Puerto Rico distributor sues Stryker over contract termination
RMC’s lawsuit alleges breach of contract and seeks $4.9 million in damages along with supply reinstatement.
San Juan-based RMC Orthopedic & Surgical Inc. (RMC), a distributor of orthopedic medical devices, has filed a lawsuit against Stryker Corp. and its subsidiaries, Wright Medical Technology Inc. and Wright Medical Group Inc., alleging breach of contract and violations of Puerto Rico’s Act 75.
The complaint, filed in the U.S. District Court for the District of Puerto Rico, accuses Stryker of unlawfully terminating RMC’s exclusive distribution agreement after more than 30 years of partnership. The lawsuit seeks $4.9 million in damages for lost business, unsold inventory and reputational harm.

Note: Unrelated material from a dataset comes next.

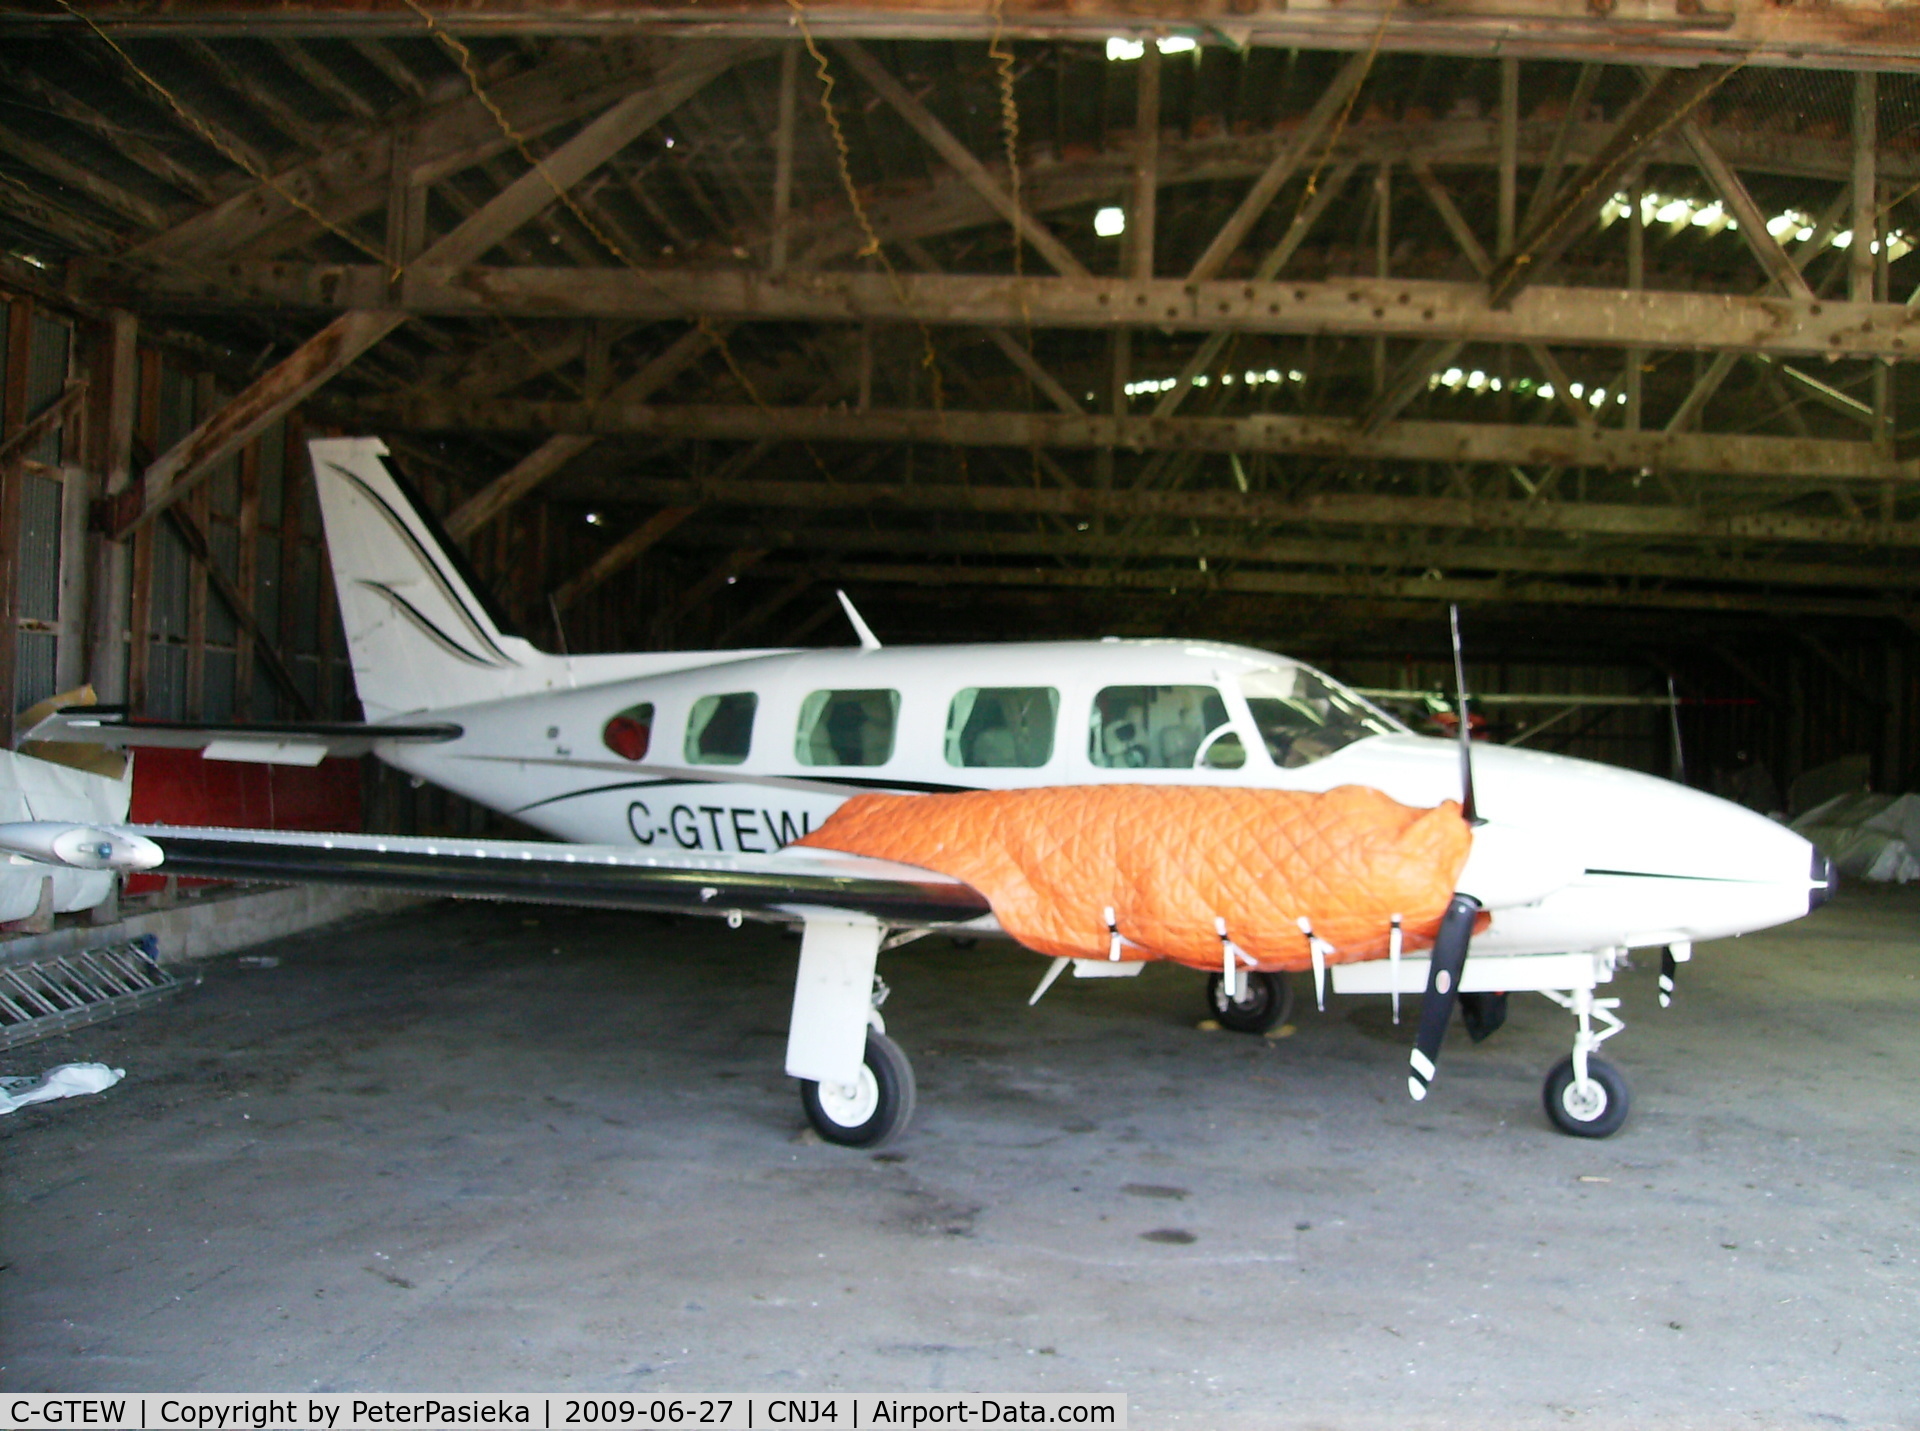 C-GTEW, 1979 Piper PA-31 C/N 31-7912081, @ Orillia Airport

Since 1991, RMC had been the exclusive distributor of Wright Medical products in Puerto Rico, supplying hospitals and orthopedic surgeons with specialized devices for reconstructive surgeries.
Over the years, RMC claims it invested heavily in developing the local market, including warehousing inventory, promoting Wright’s brand and training surgeons on product use.
RMC reports the partnership achieved strong sales, even during challenging periods like natural disasters and the COVID-19 pandemic. However, after Stryker acquired Wright Medical in 2020, the relationship reportedly began to change. In January 2022, Stryker allegedly terminated RMC’s distribution agreement without providing a specific cause.
“The termination notice did not comply with section 14 of the Distributor Agreement … nor were any terms or conditions met,” the lawsuit states. Despite the notice, Stryker continued to supply RMC with products until May 2023, creating uncertainty about the contract’s status.
The lawsuit details the financial impact of the termination, with RMC holding $1.2 million in unsold inventory, $2.1 million in lost profits and $1.6 million in goodwill damages.
“Through RMC’s efforts, annual sales for defendants’ lines were robust, increasing year after year,” the filing states.
RMC argues that its contributions were integral to Wright Medical’s success in Puerto Rico and that Stryker’s actions jeopardize both the company and local health care providers.
Beyond financial losses, RMC claims that Stryker’s refusal to supply products has harmed patient care. Orthopedic surgeons have reportedly expressed “indignation, frustration and concerns” over the lack of access to essential medical devices, forcing some to use alternative products that prolong surgeries and increase risks.
“American citizens in Puerto Rico have been and continue to be deprived of the supply of Wright Medical/Stryker products and technologies,” the complaint alleges, describing the situation as discriminatory compared to mainland U.S. markets.
Puerto Rico’s Act 75, designed to protect local distributors, requires manufacturers to demonstrate just cause before terminating exclusive agreements. RMC contends that Stryker’s actions violate the statute and constitute unfair treatment.